Federal Circuit Patent Bulletin: OIP Techs., Inc. v. Amazon.com, Inc.
“[R]elying on a computer to perform routine tasks more quickly or more accurately is insufficient to render a claim patent eligible.”
On June 11, 2015, in OIP Techs., Inc. v. Amazon.com, Inc., the U.S. Court of Appeals for the Federal Circuit (Taranto, Mayer, Hughes*) affirmed the district court’s judgment on the pleadings that U.S. Patent No. 7,970,713, which related to computer-implemented methods for pricing a product for sale, was invalid for lack of statutory subject matter under 35 U.S.C. § 101. The Federal Circuit stated:
A patent may be obtained for “any new and useful process, machine, manufacture, or composition of matter, or any new and useful improvement thereof.” The Supreme Court has “long held that this provision contains an important implicit exception: Laws of nature, natural phenomena, and abstract ideas are not patentable.” Under the now familiar two-part test described by the Supreme Court in Alice, “[w]e must first determine whether the claims at issue are directed to a patent-ineligible concept,” such as an abstract idea. If so, we must then “consider the elements of each claim both individually and ‘as an ordered combination’ to determine whether the additional elements ‘transform the nature of the claim’ into a patent-eligible application.

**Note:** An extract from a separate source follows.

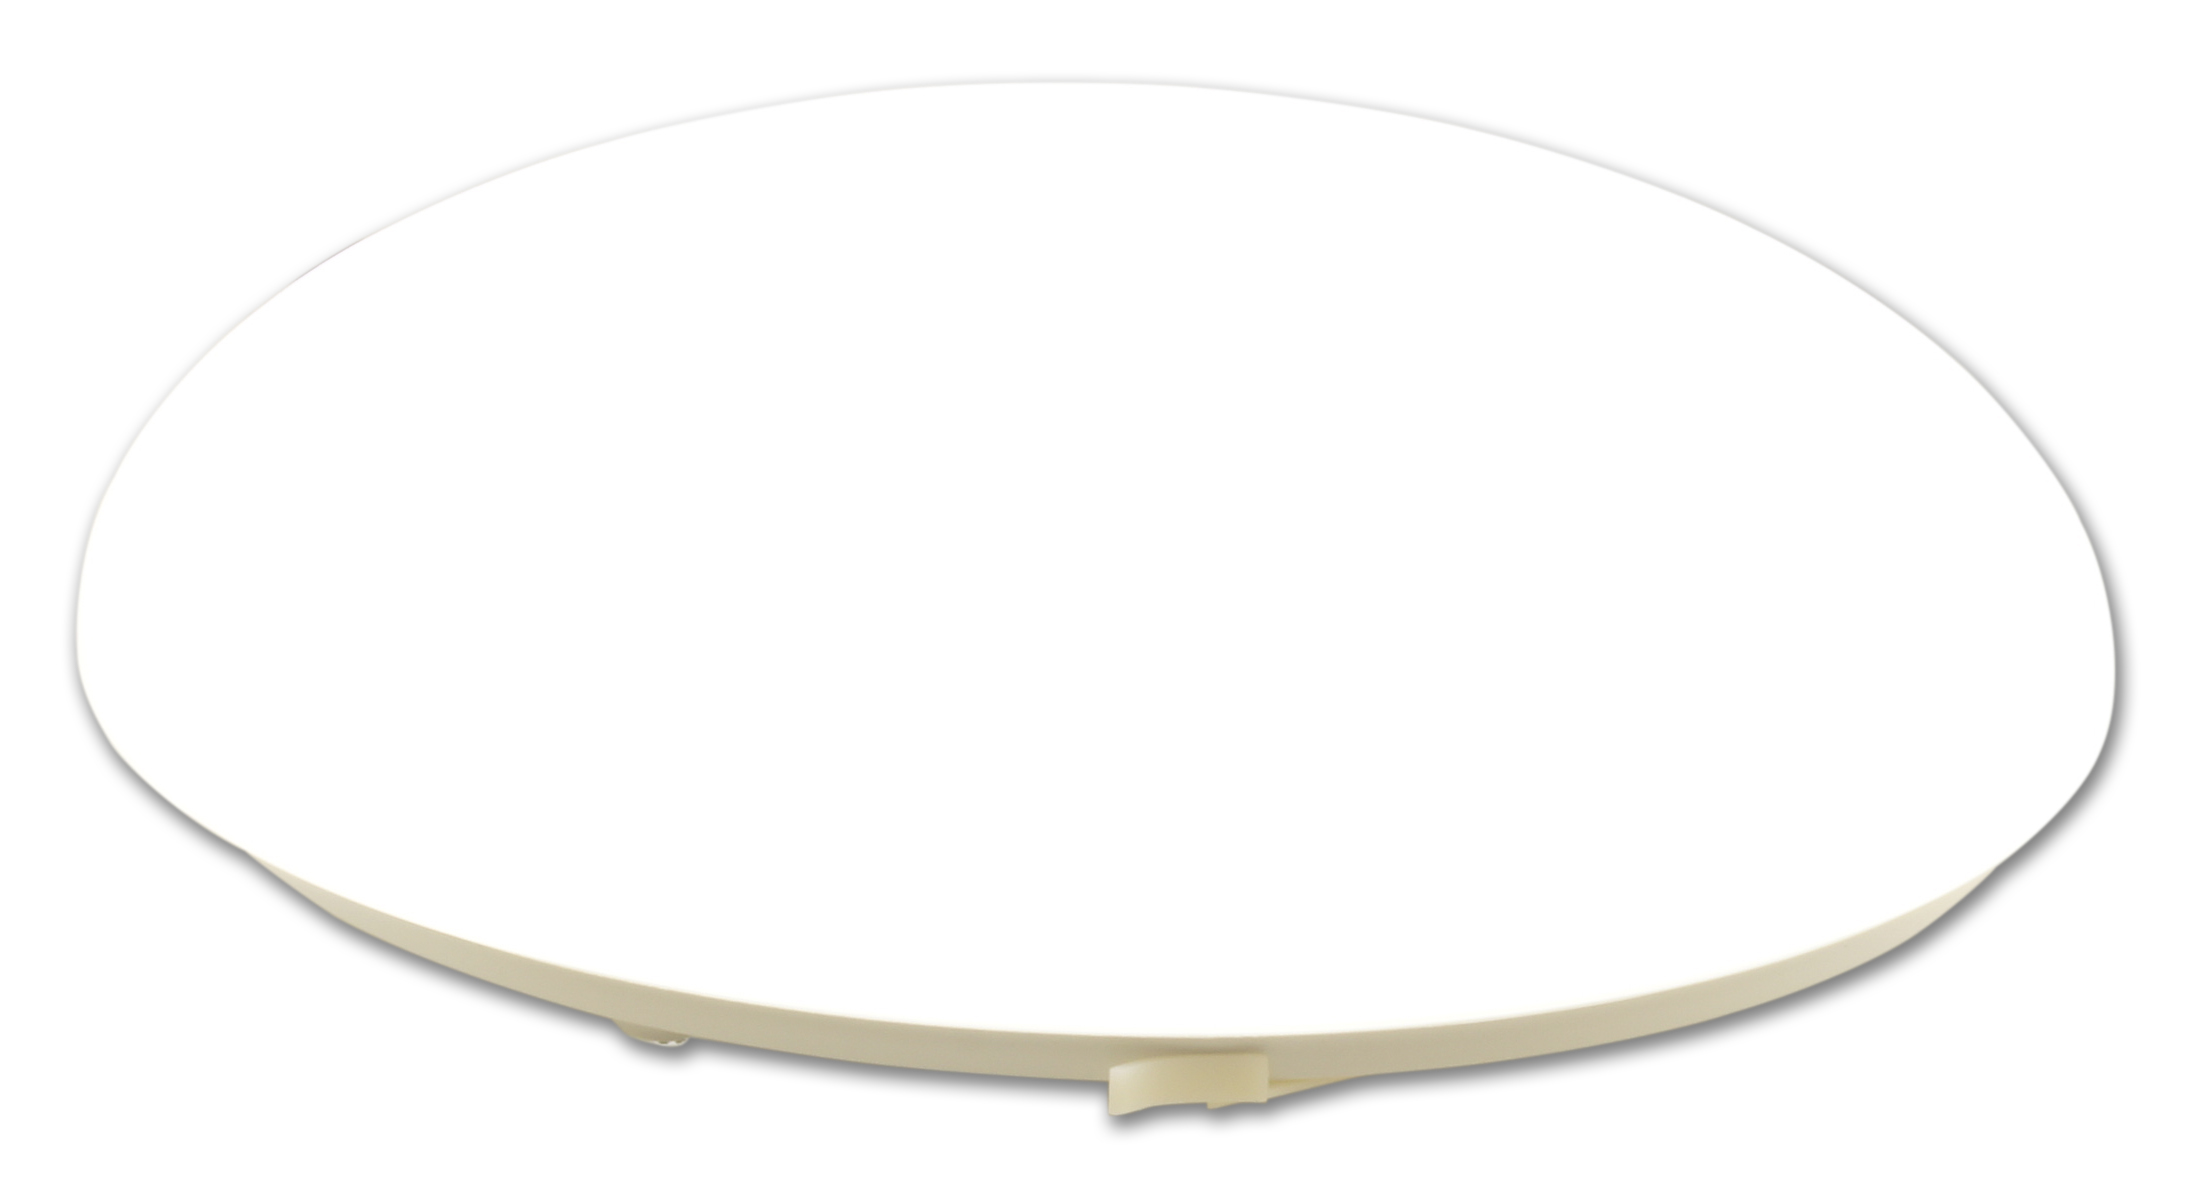 1 Stk Venus 300 LED Decken- & Wandleuchte, 17W, 4000K, IP44 RA 80+ LIDW300103

Here, the claims are directed to the concept of offer-based price optimization. Claim 1 broadly recites a “method of pricing a product for sale,” and the specification describes the invention as an “automatic pricing method and apparatus for use in electronic commerce.” This concept of “offer based pricing” is similar to other “fundamental economic concepts” found to be abstract ideas by the Supreme Court and this court. And that the claims do not preempt all price optimization or may be limited to price optimization in the e-commerce setting do not make them any less abstract.
Beyond the abstract idea of offer-based price optimization, the claims merely recite “well-understood, routine conventional activit[ies],” either by requiring conventional computer activities or routine data-gathering steps. Considered individually or taken together as an ordered combination, the claim elements fail “to ‘transform’ the claimed abstract idea into a patent-eligible application.” For example, claim 1 recites “sending a first set of electronic messages over a network to devices,” the devices being “programmed to communicate,” storing test results in a “machine-readable medium,” and “using a computerized system . . . to automatically determine” an estimated outcome and setting a price. Just as in Alice, “all of these computer functions are ‘well-understood, routine, conventional activit[ies]’ previously known to the industry.”
Moreover, the claims are exceptionally broad and the computer implementation limitations do little to limit their scope. Indeed, the specification makes clear that this “programming” and the related computer hardware “refers to any sequence of instructions designed for execution on a computer system.” At best, the claims describe the automation of the fundamental economic concept of offer-based price optimization through the use of generic-computer functions. Both the prosecution history and the specification emphasize that the key distinguishing feature of the claims is the ability to automate or otherwise make more efficient traditional price-optimization methods. For example, the specification states that a core advantage of the invention is reducing the “extremely high testing costs” of “[b]rute force live price testing.” Likewise, the patentee distinguished traditional pricing research, by emphasizing that “the techniques described in [the prior art] generally cost more and take more time, and are less accurate than the technique recited in [the claims].” And “automatically determining an estimated outcome using each of the plurality of prices for the product . . . means that pricing decisions are made with more granularity.” But relying on a computer to perform routine tasks more quickly or more accurately is insufficient to render a claim patent eligible.
Nor does the claims’ recitation of “present[ing] [offers] to potential customers” and “gathering . . . statistics generated during said testing about how the potential customers responded to the offers” provide a meaningful limitation on the abstract idea. These processes are well-understood, routine, conventional data-gathering activities that do not make the claims patent eligible. [T]he addition of steps to test prices and collect databased on customer reactions does not add any meaningful limitations to the abstract idea.